Microsoft AI Research Exposes 38TB of Private Data via Misconfigured Azure SAS Token
Overview
A significant data exposure incident occurred when Microsoft's AI research division accidentally published a GitHub repository containing a highly permissive SAS (Shared Access Signature) token for an internal Azure Blob Storage account. The misconfiguration was discovered by security researchers at Wiz. The SAS token was configured to grant 'Full Control' permissions to the entire storage account, rather than providing read-only access to a specific container. This allowed anyone who discovered the token to read, write, and delete all data within the account. The exposed storage account contained 38 terabytes of sensitive data, including backups of two employees' workstations, internal Microsoft Teams messages, and a vast collection of private AI models, training data, and internal source code. The root cause was a flaw in the infrastructure-as-code (IaC) configuration used to generate the link, which incorrectly specified the permission level. This incident highlighted the severe risks associated with misconfigured cloud AI services and the danger of committing secrets to public repositories. It serves as a stark reminder of the need for robust secret scanning in CI/CD pipelines and the principle of least privilege when managing access to cloud-based data stores for AI workloads.
Affected Systems
Testing Guide
1. **Scan GitHub Repositories:** Use a tool like TruffleHog or Gitleaks to scan your organization's GitHub repositories for strings matching the format of Azure SAS tokens. 2. **Audit Azure Storage Accounts:** In the Azure Portal, navigate to your storage accounts. Review 'Shared access signature' settings to check for overly permissive, long-lived tokens. Check the 'Networking' and 'Containers' access level settings to ensure they are not set to 'Public'. 3. **Review IaC Templates:** Manually inspect or use static analysis tools on your ARM, Bicep, or Terraform templates to ensure that SAS token generation logic adheres to the principle of least privilege.
Mitigation Steps
1. **Enforce Least Privilege for SAS Tokens:** Always scope SAS tokens to the minimum required permissions (e.g., read-only) and resources (e.g., a specific container or blob, not the entire account).
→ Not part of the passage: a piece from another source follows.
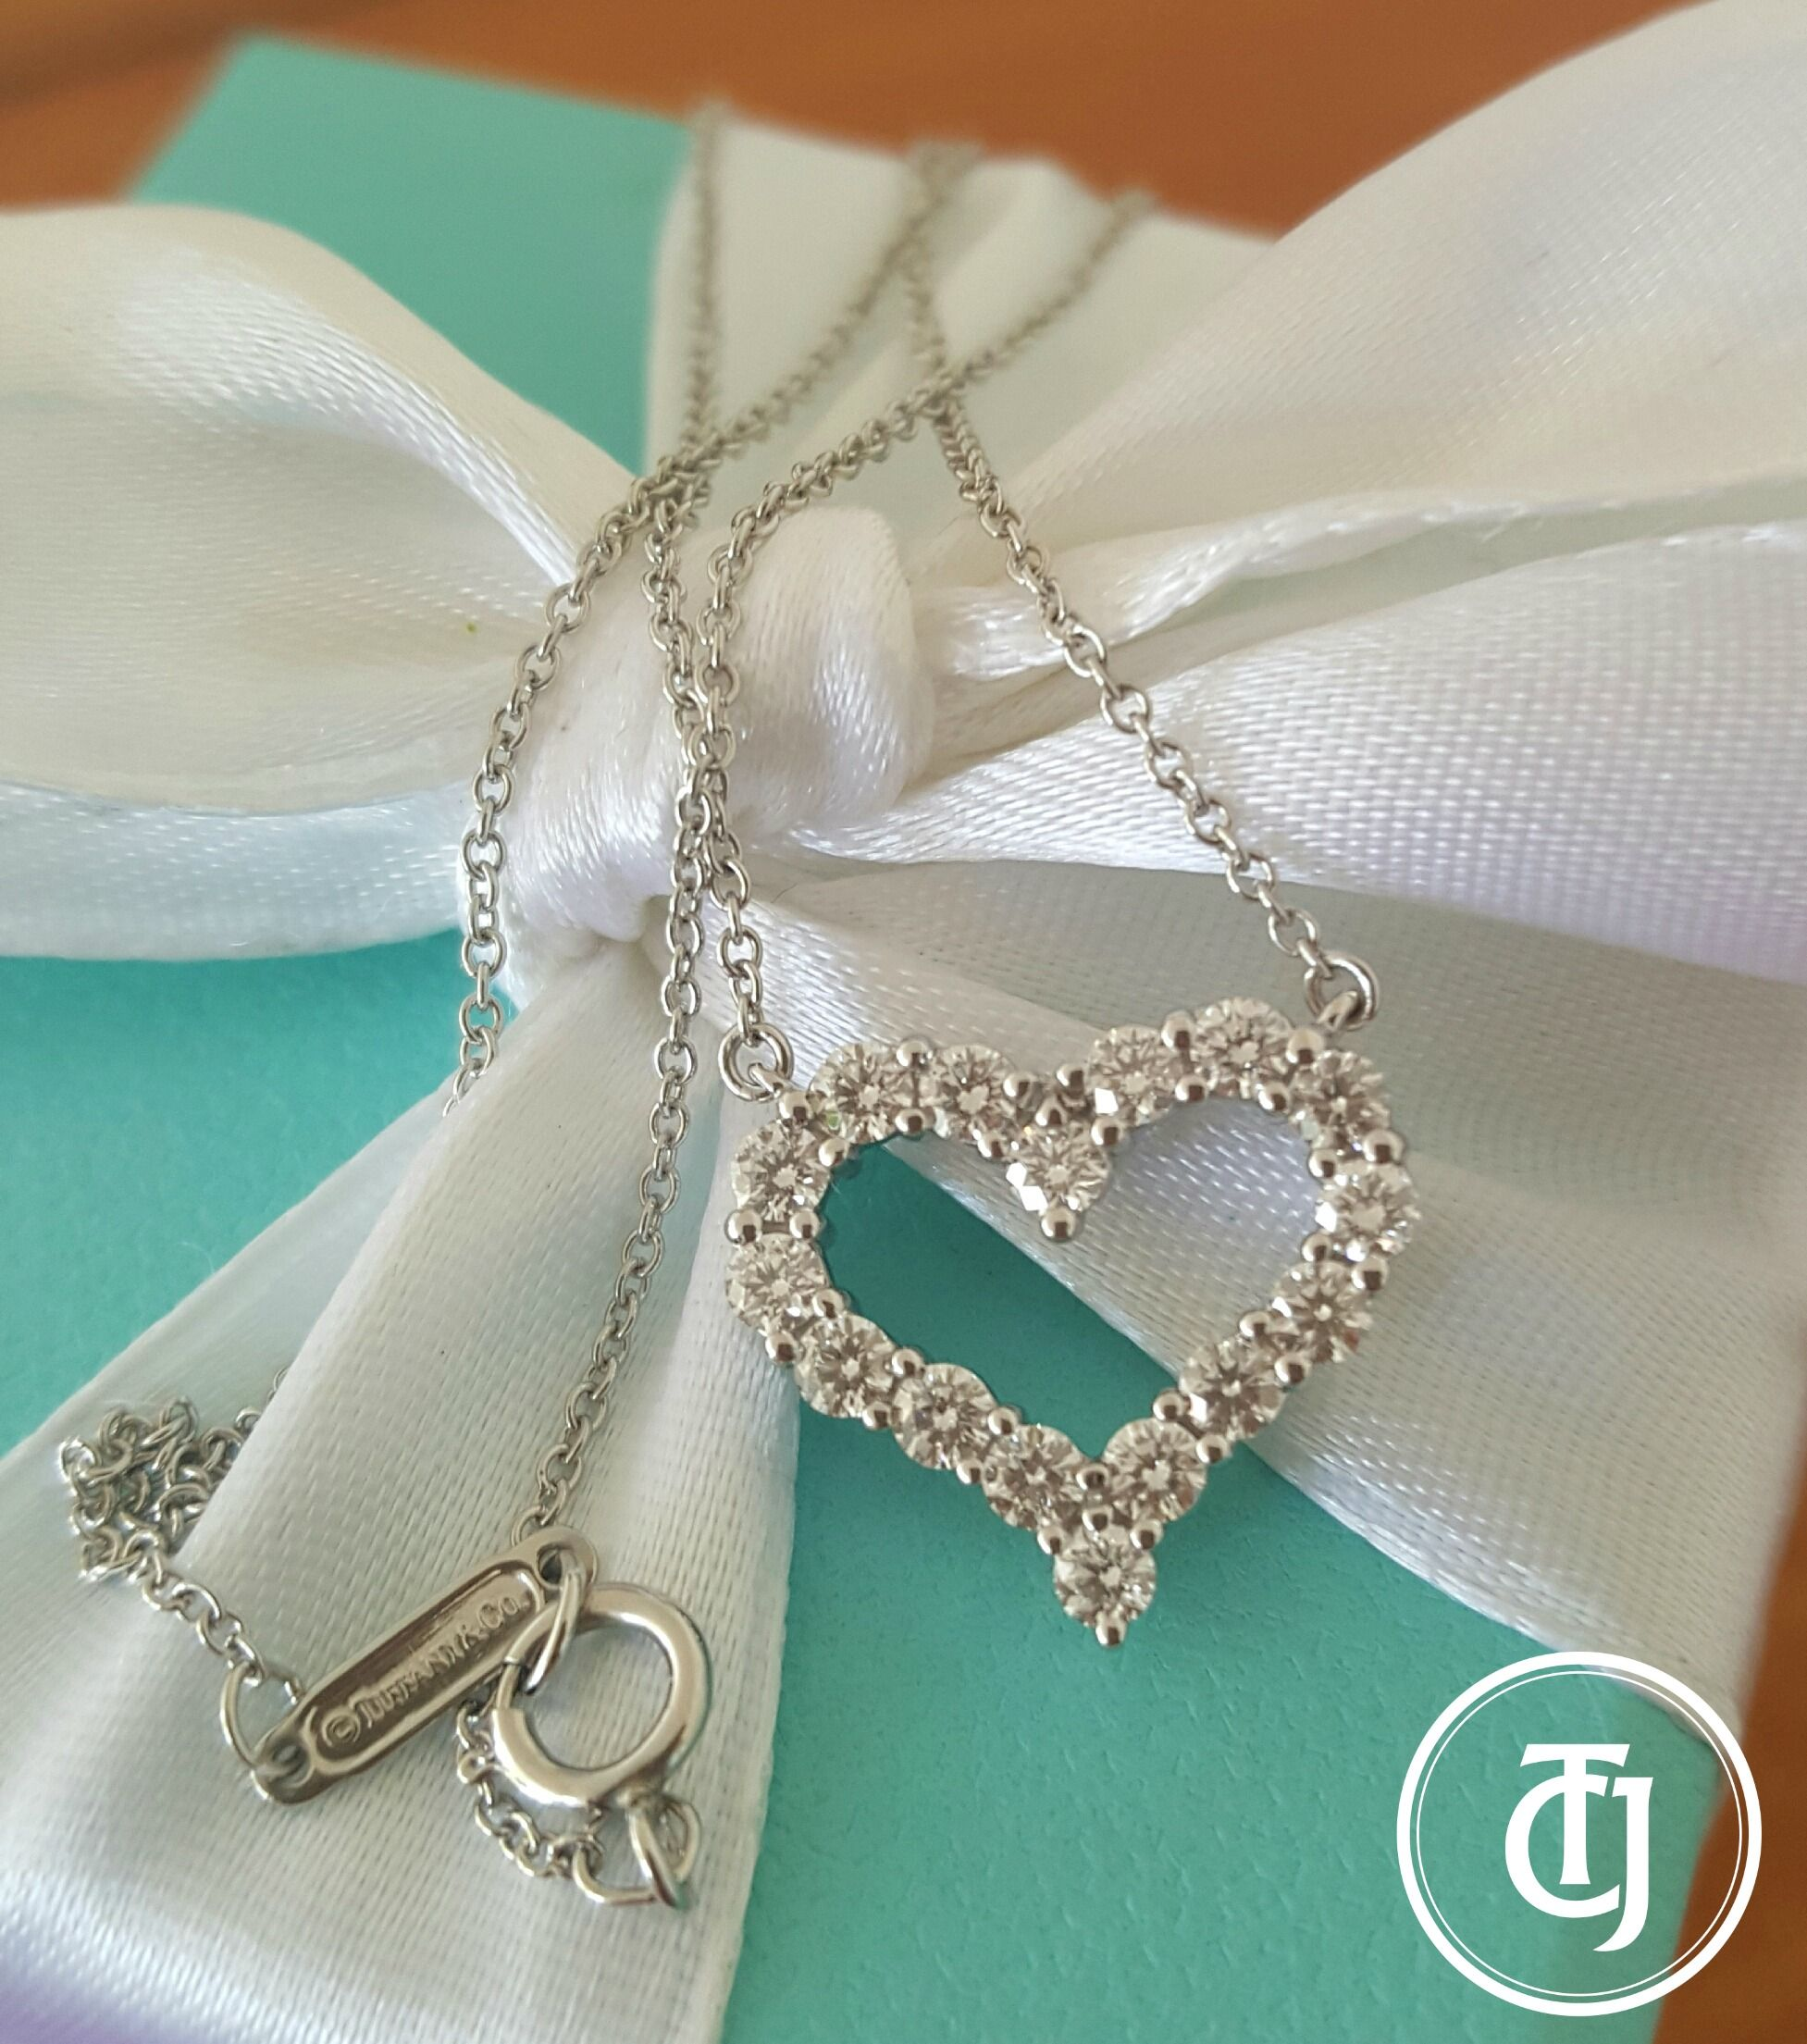 Tiffany co diamond heart pendant size small tiffanyandco tiffany co diamond heart pendant size small tiffanyandco diamond necklace aloadofball Image collections

Set short expiration times. 2. **Implement Secret Scanning:** Integrate automated secret scanning tools (like `git-secrets` or GitHub's native scanner) into your CI/CD pipeline to prevent tokens, keys, and credentials from being committed to repositories. 3. **Use Managed Identities:** Whenever possible, use Azure Managed Identities for services like Azure VMs and Functions to access other Azure resources, which eliminates the need to manage and store SAS tokens or storage keys in code. 4. **Regularly Audit Storage Permissions:** Continuously monitor and audit public access levels and access policies for all cloud storage accounts.
Patch Details
The exposed token was revoked by Microsoft immediately upon notification. The fix is procedural, involving correcting IaC templates and improving secret hygiene.